Stabilizer, 3 ... superconducting wire, 4 ... insulator.

 ──────────────────────────────────────────────────続 き Continuing on the front page (72) Yoshikazu Takahashi 801 Nakahara, Naka-cho, Naka-machi, Naka-gun, Ibaraki Pref. Inside the Japan Atomic Energy Research Institute Naka Research Laboratory (72) Kiyoshi Okuno Nakahara, Naka-cho, Naka-cho, Naka-gun, Ibaraki 801-1 Inside the Japan Atomic Energy Research Institute Naka Research Laboratory (72) Inventor Kotaro Hamajima 2-4, Suehirocho, Tsurumi-ku, Yokohama-shi, Kanagawa Prefecture Inside the Toshiba Keihin Works Co., Ltd. (56) References JP-A-62-259307 (JP) JP-A-62-105317 (JP, A) JP-A-60-235309 (JP, A) JP-A-63-81708 (JP, A) JP-A-63-200414 (JP, A) 63-13208 (JP, A)

Claims (1)

(57) [Claims] 1. A thickness of a superconducting conductor in which a surface of a superconducting wire having a predetermined conducting current, a cross-sectional area of a stabilizing material of a superconducting wire, and a cooling circumference is determined in advance, is determined.
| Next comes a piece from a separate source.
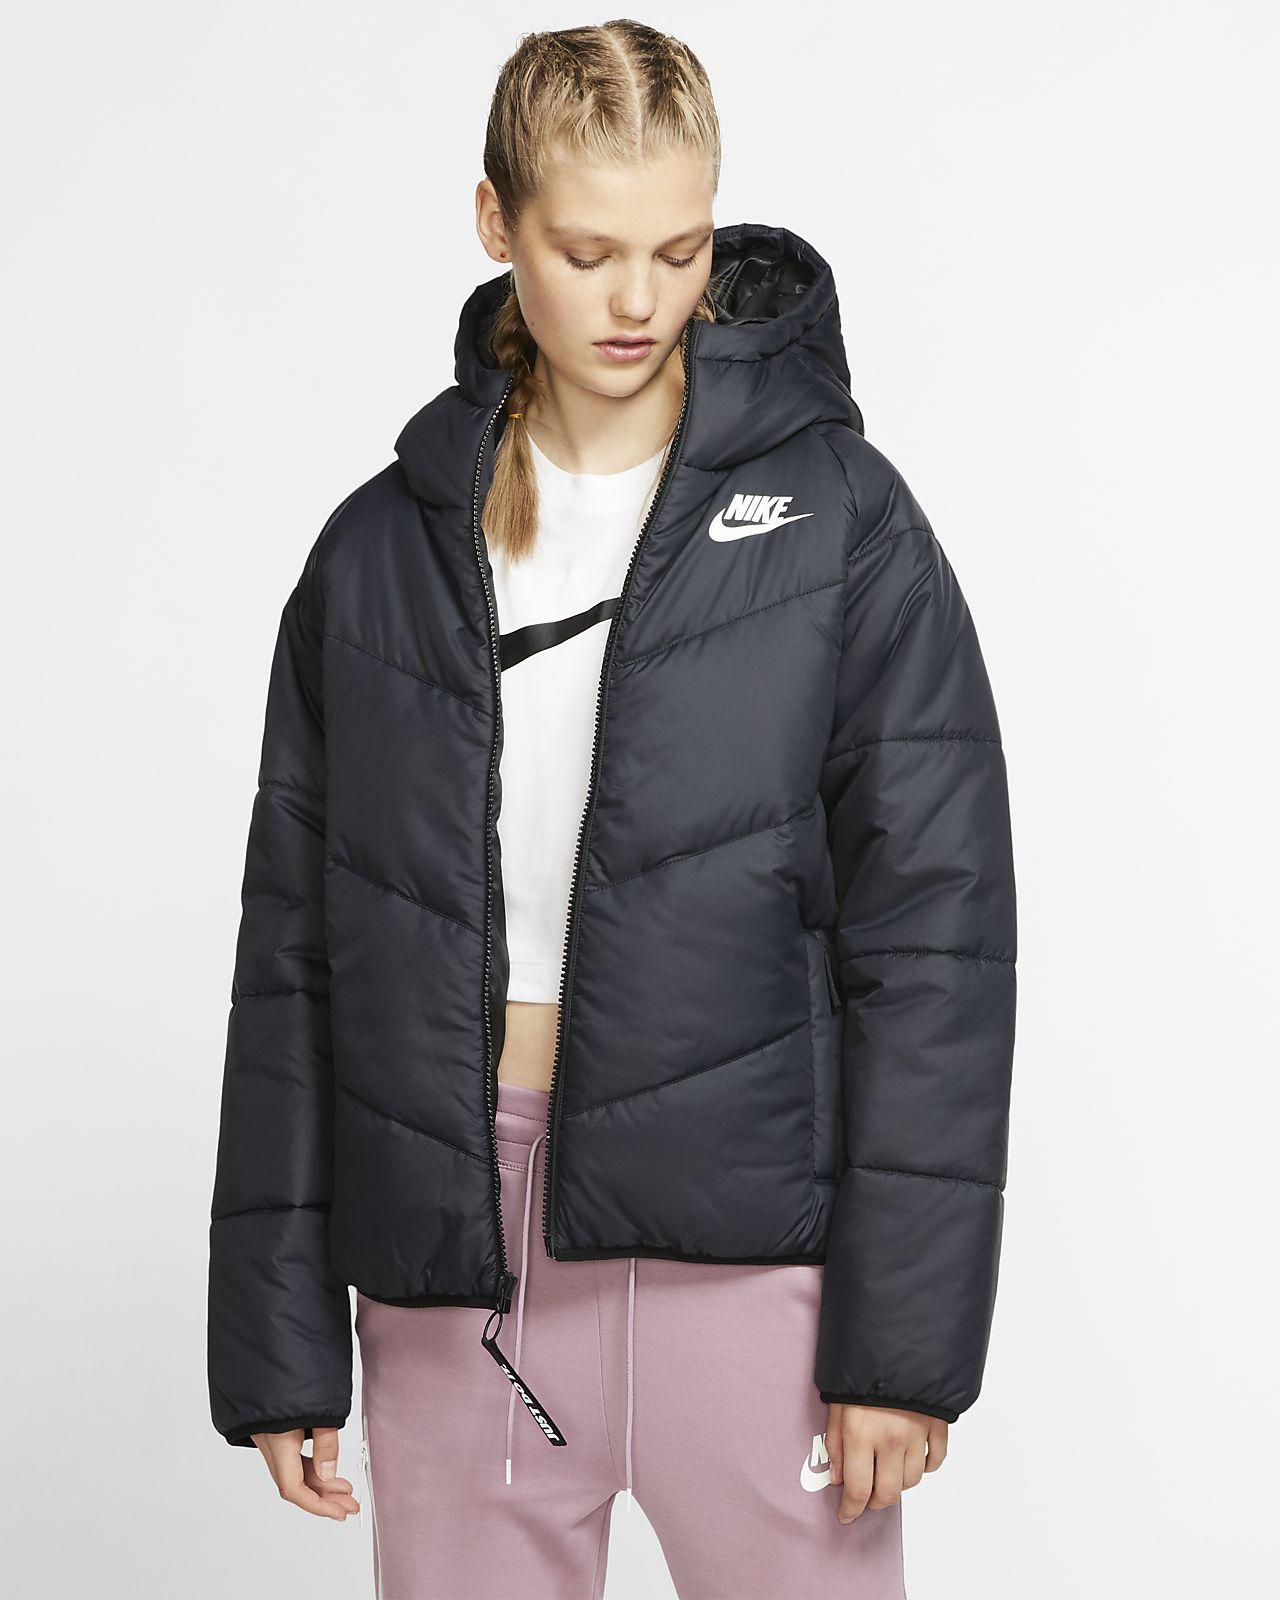 chaqueta con capucha mujer hecha en españa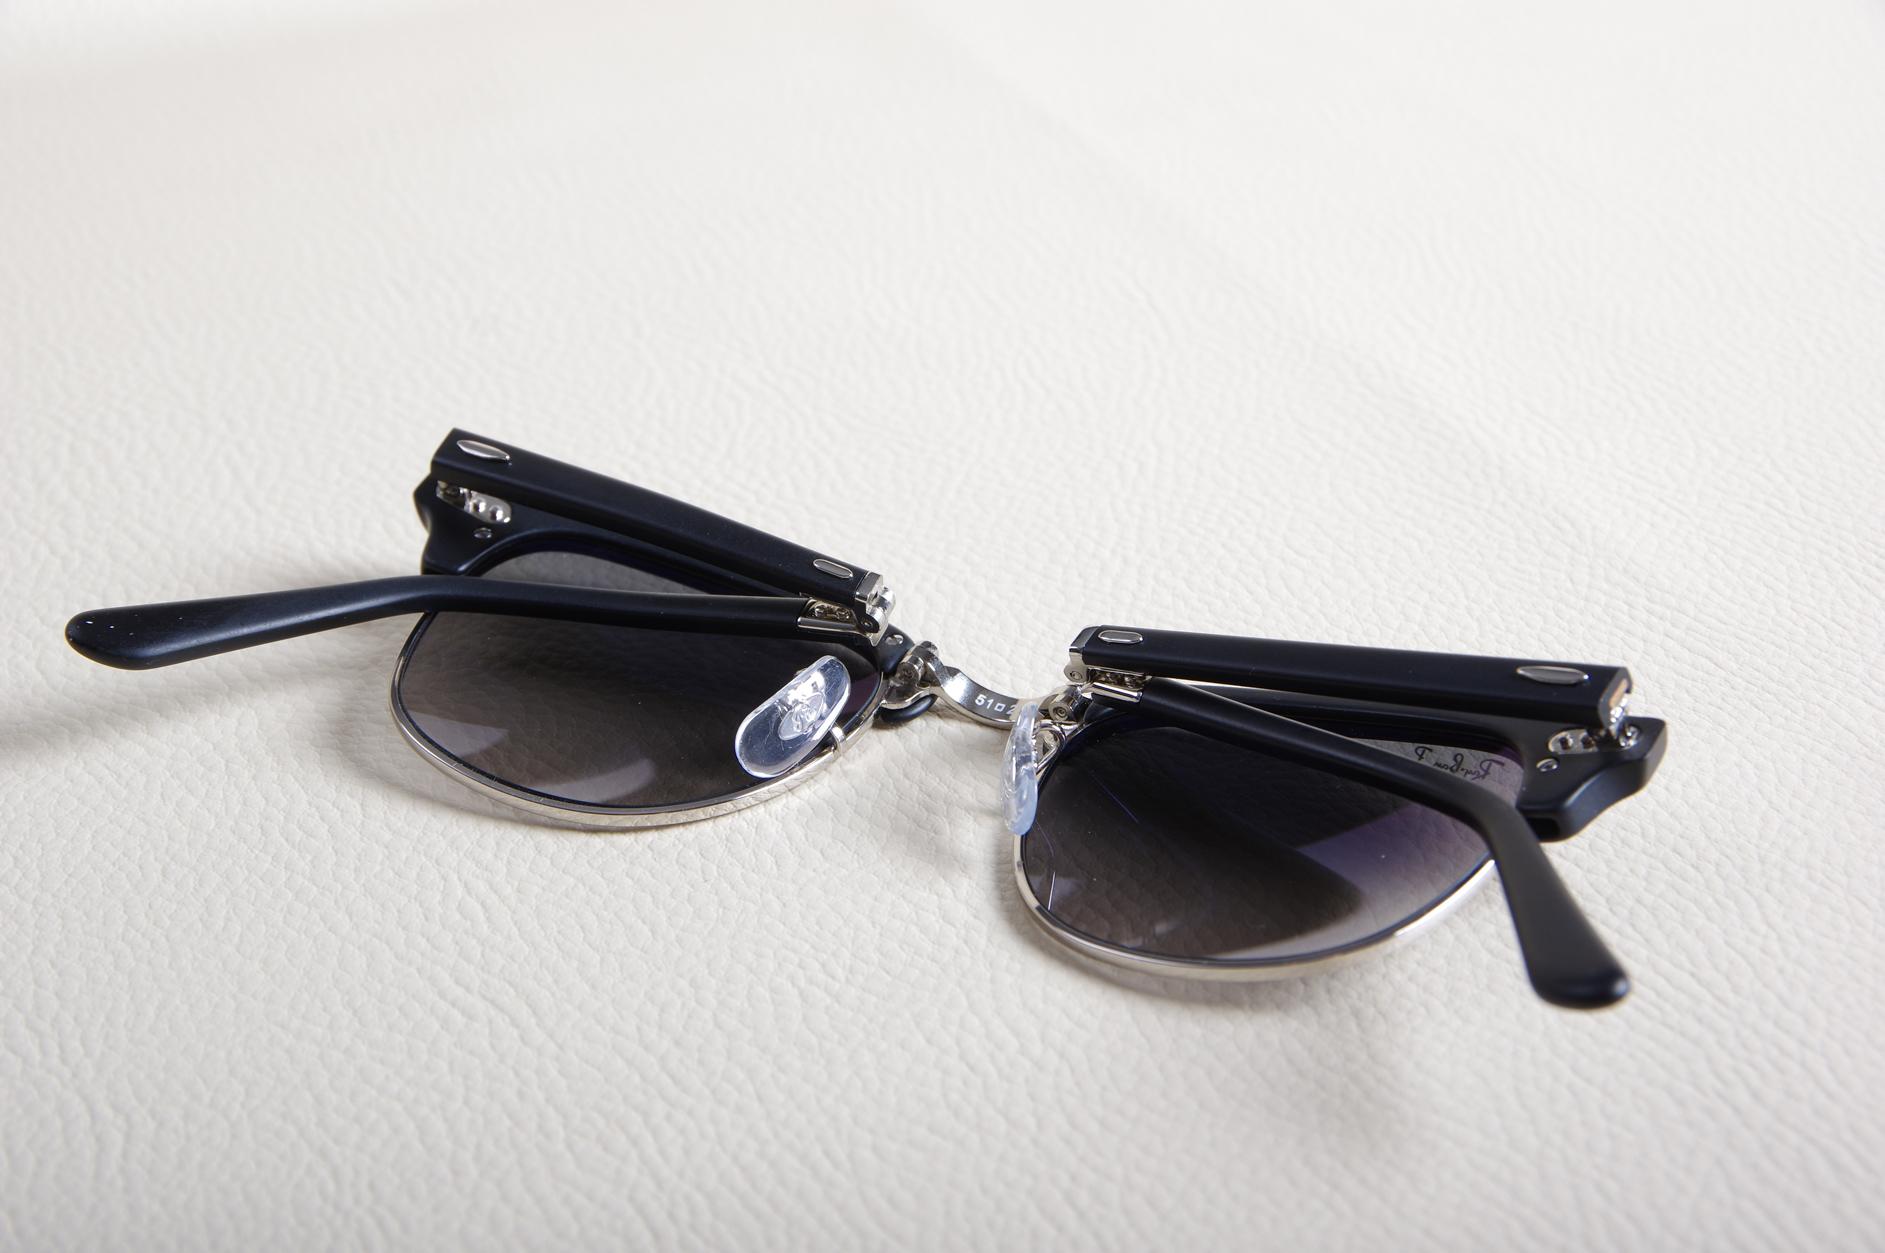 ... 76 Où commander les lunettes de soleil RAY BAN Clubmaster pliables  RB2176 à proximité de Le Havre ... 64031231dc6a

In the method, the critical temperature of the superconducting wire is T _c , the applied magnetic field is B, the heat transfer coefficient of the insulating material is k, the liquid helium temperature is T _b , and the heat generation of the superconducting wire q _g = f (T) I ² / SP (Where I is the normal current, S is the cross-sectional area of the stabilizing material of the superconducting wire, P is the cooling circumference, and f (T) is
T _s the current sharing temperature, when T ≦ T _s when the T _c and the critical temperature, when the _{f (T) = 0 T s} <T <T c, f (T) = (T-T s) / (T _c −T _s ) T _c <T is a function of the temperature T such that f (T) = 1 and represents the ratio of the superconducting state to the normal conducting state in the superconducting conductor at the temperature T. And the coating thickness t of the insulator, t ≦ k (T _c (B) −T _b ) / q _g (where T _c (B) is uniquely determined by the applied magnetic field B) A method for determining the insulation thickness of a superconducting conductor, wherein the thickness of the insulation material is determined so as to satisfy a condition (critical temperature of the conductor).